Artikel 8 De hoogte van de bestuurlijke boetes voor de verschillende overtredingen

  • 1. De bestuurlijke boete bedraagt ten hoogste € 250 indien de inburgeringsplichtige of de persoon ten aanzien van wie het college op redelijke gronden kan vermoeden dat deze inburgeringsplichtig is, geen of onvoldoende medewerking verleent aan het onderzoek, bedoeld in artikel 25, vierde lid, van de wet.

  • 2. De bestuurlijke boete bedraagt ten hoogste € 500 indien de inburgeringsplichtige geen of onvoldoende medewerking verleent aan de uitvoering van de voor hem vastgestelde inburgeringsvoorziening, bedoeld in artikel 23, eerste lid, van de wet of aan de verplichtingen, bedoeld in artikel 6 van deze verordening.

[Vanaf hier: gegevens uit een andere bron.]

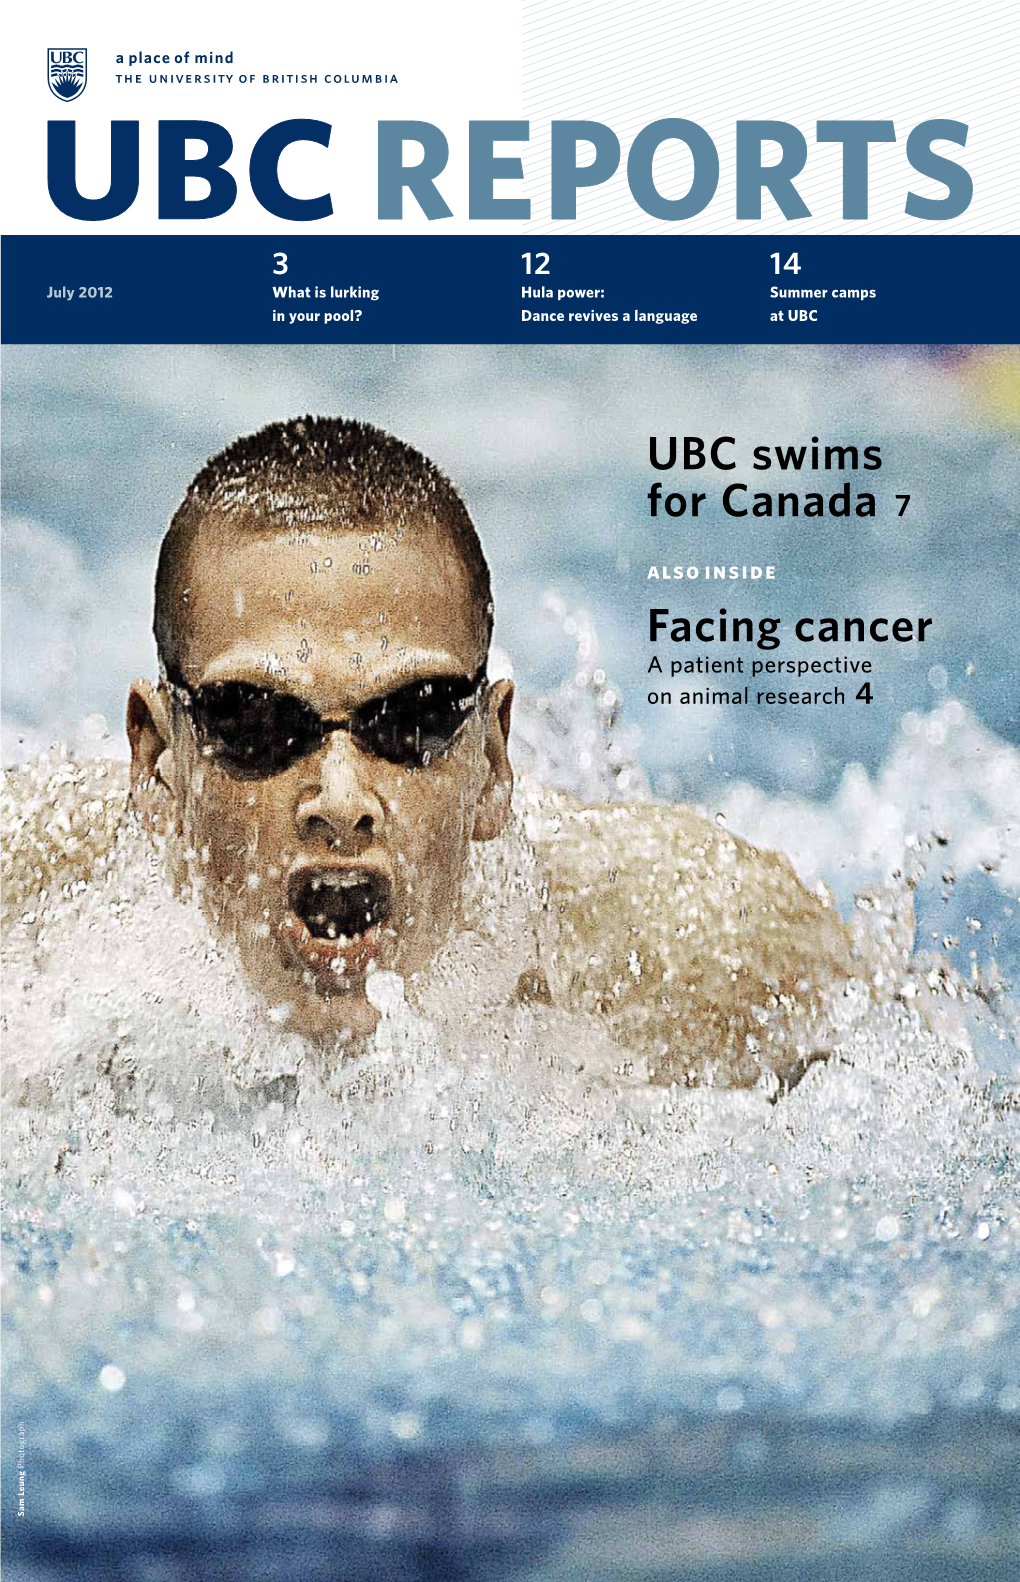 UBC Swims for Canada 7 Facing Cancer

  • 3. De bestuurlijke boete bedraagt ten hoogste € 500 indien de inburgeringsplichtige niet binnen de in artikel 7, eerste lid, van de wet bedoelde termijn of binnen de door het college op grond van artikel 31, tweede lid, onderdeel a, van de wet verlengde termijn het inburgeringsexamen heeft behaald.

Artikel 9 Verhoging van de bestuurlijke boete bij herhaling van de overtreding

  • 1 De bestuurlijke boete voor overtredingen, bedoeld in artikel 8, eerste lid, bedraagt ten hoogste € 250 indien de inburgeringsplichtige zich binnen twaalf maanden na de vorige als verwijtbaar aangemerkte overtreding opnieuw schuldig maakt aan dezelfde overtreding.

  • 2 De bestuurlijke boete voor overtredingen, bedoeld in artikel 8, tweede lid, bedraagt ten hoogste € 500 indien de inburgeringsplichtige zich binnen twaalf maanden na de vorige als verwijtbaar aangemerkte overtreding opnieuw schuldig maakt aan dezelfde overtreding.

  • 3 De bestuurlijke boete bedraagt ten hoogste € 1000 indien de inburgeringsplichtige niet binnen de door het college op grond van artikel 32 van de wet vastgestelde termijn het inburgeringsexamen heeft behaald.

  • 4 De bestuurlijke boete bedraagt ten hoogste € 1000 indien de inburgeringsplichtige niet binnen de door het college op grond van artikel 33 van de wet vastgestelde termijn het inburgeringsexamen heeft behaald.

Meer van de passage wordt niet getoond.